To See in the Dark: Palestine and Visual Activism Since October 7

Regular price $ 19.95

by Nicholas Mirzoeff

Pluto Press

1/20/2025, paperback

SKU: 9780745351155

 

How social media shaped the new global intifada

To see Palestine is to see the world. Since October 7th 2023, the forces of racial capitalism and settler colonialism have become all too visible in Israel's genocidal war on Gaza.

In To See In the Dark, Nicholas Mirzoeff explores how images, and especially video, viewed outside Palestine enabled a dramatic switch in public opinion, leading to a global uprising against the genocide.

In this groundbreaking analysis, he connects the personal and the political through his own anti-Zionist Jewishness and its histories of violence.

The result is a new collective and anti-colonial way of seeing, intersecting online and embodied experience.

Reviews:

"If ever we ever needed a contemporary rejoinder to John Berger's Ways of Seeing, this is the book. Timely and clearly written, To See in the Dark is a manifesto to solidarity, a foraging, salvaging and a way to unset alongside the opaque lives of Palestinians, who struggle under organized, genocidal state violence. Through engaging visual works of Palestinian and other artists, Mirzoeff leads us past the "colonial visual screen" and over the rubble, to see new solidarities that arise from associating with the oppressed by dissociating with systems of oppression whose surveillance, checkpoints, prisons, and drones appear in the "white sight" of genocide." - Stephen Sheehi, co-author of Psychoanalysis Under Occupation: Practicing Resistance in Palestine

"Mirzoeff sharply urges us to divest from a mere spectatorship to a genocide, and insists that we see in relation, in solidarity and as an anti-colonial collective.

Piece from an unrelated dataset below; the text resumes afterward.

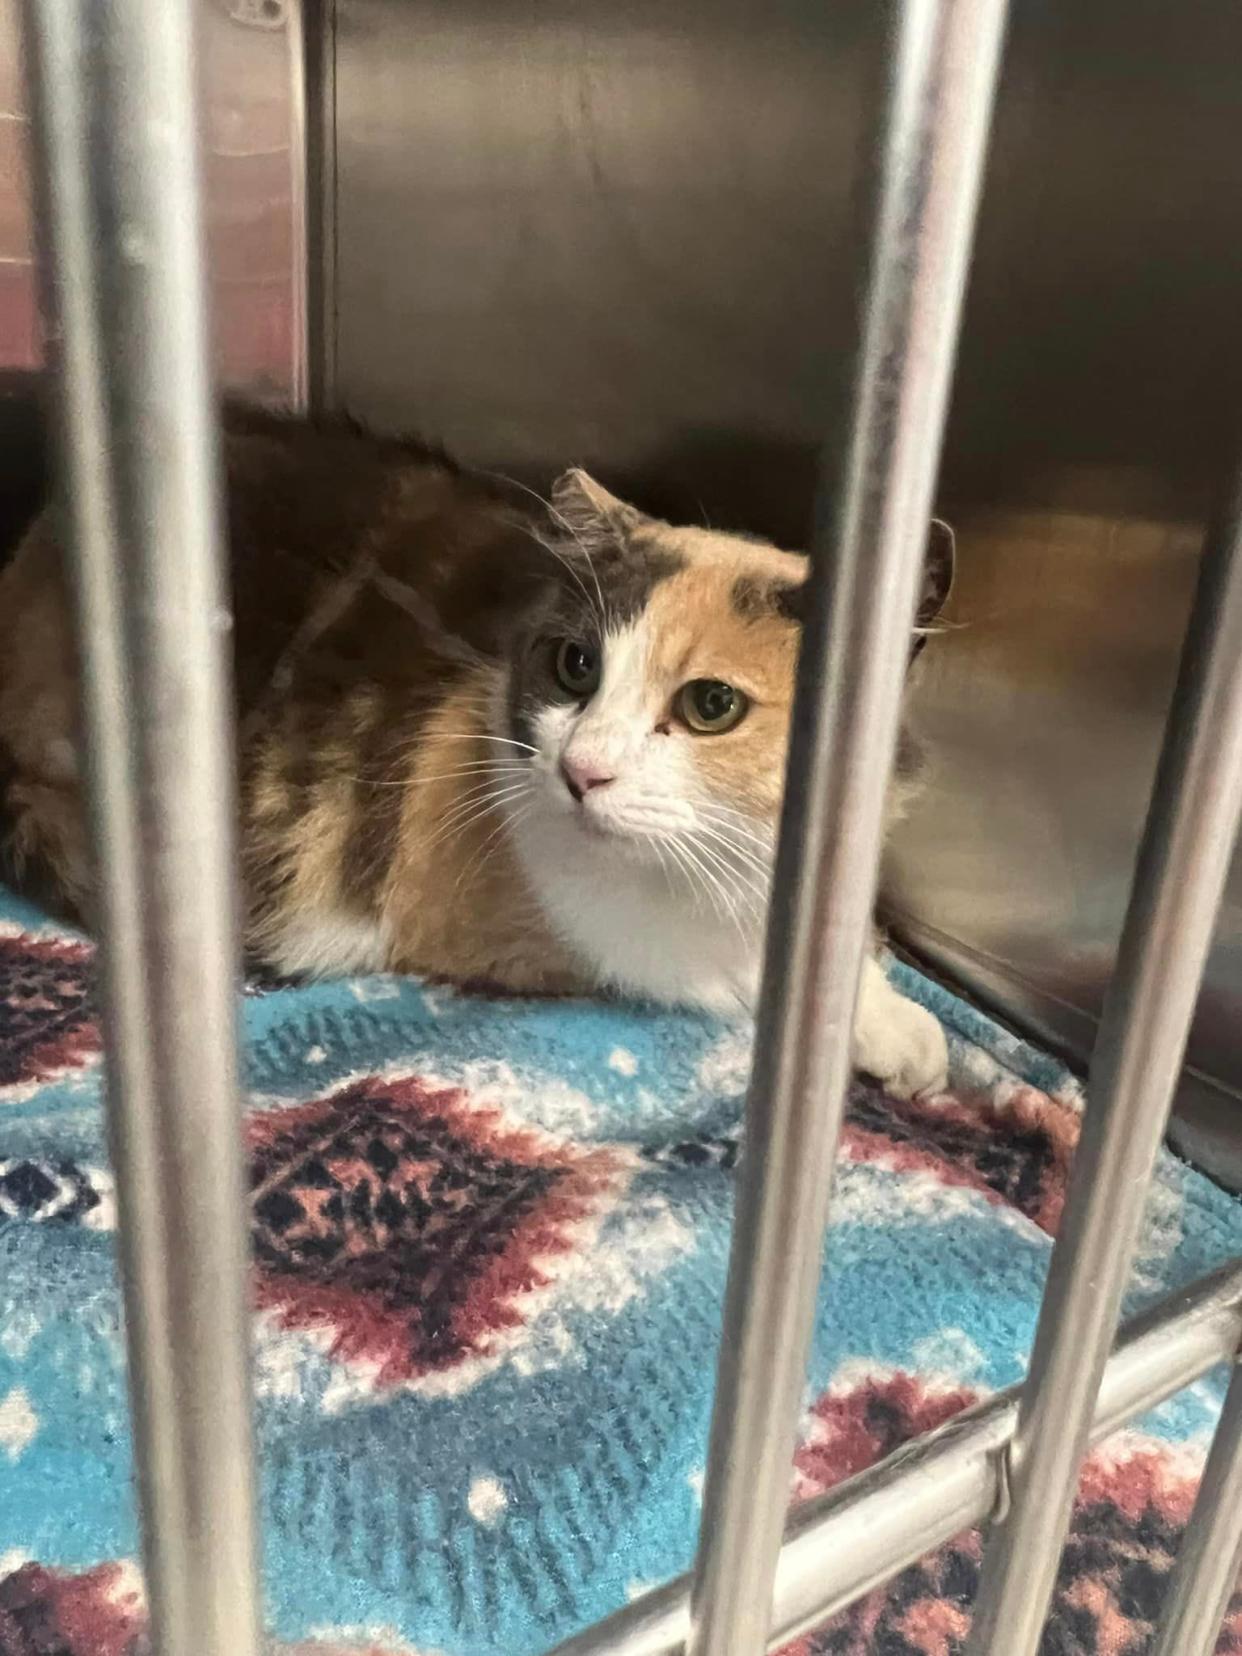 Pickles the Cat is safe and back in Fort Walton Beach. After vitriolic comments on social media, Pickles may not be safe living at Publix anymore.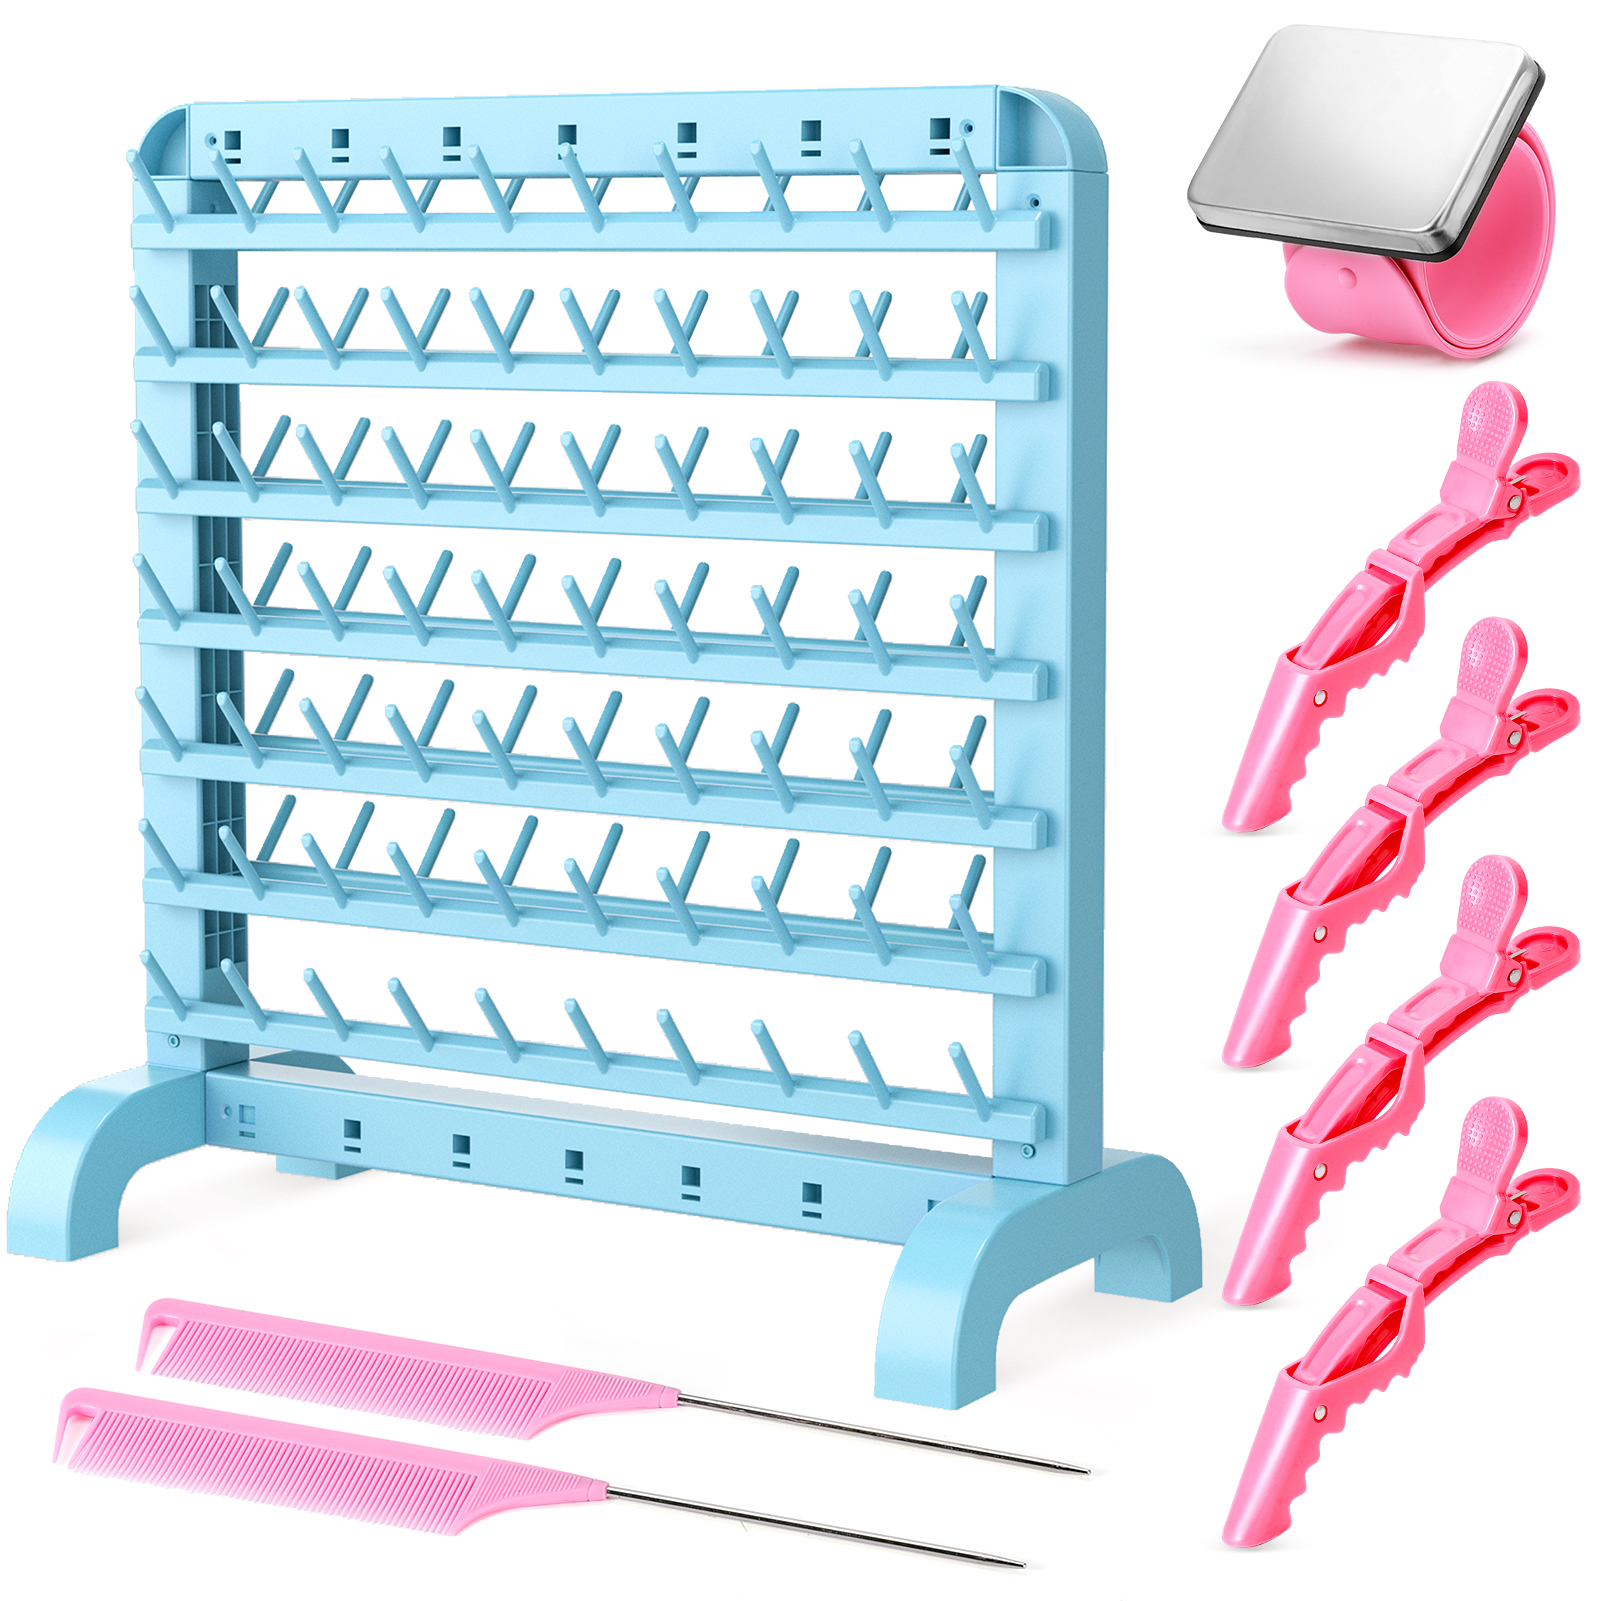 Portable Braiding Hair Rack 120 Pegs, 2-in-1 Standing Hair Holder Braid  Rack for Braiding Hair, Double Sided Hair Separator Stand for Stylists,  Hair Extension Holder with Hair Supplies

To See in the Dark is to settle for no less than to see Palestine free." - Simone Browne, author of Dark Matters: On the Surveillance of Blackness

"Mirzoeff deftly dissects the violent abstractions that are characteristic of the drone's remote-controlled gaze, arguing incisively for a return to ways of seeing that are grounded in solidarity and resistance." - Candice Breitz, artist

About the Author:

Nicholas Mirzoeff is a pioneering figure in the field of visual culture and has written extensively on Jewishness and Palestine. His books include How To See The World, and The Right to Look. He has written for the Guardian and The Nation.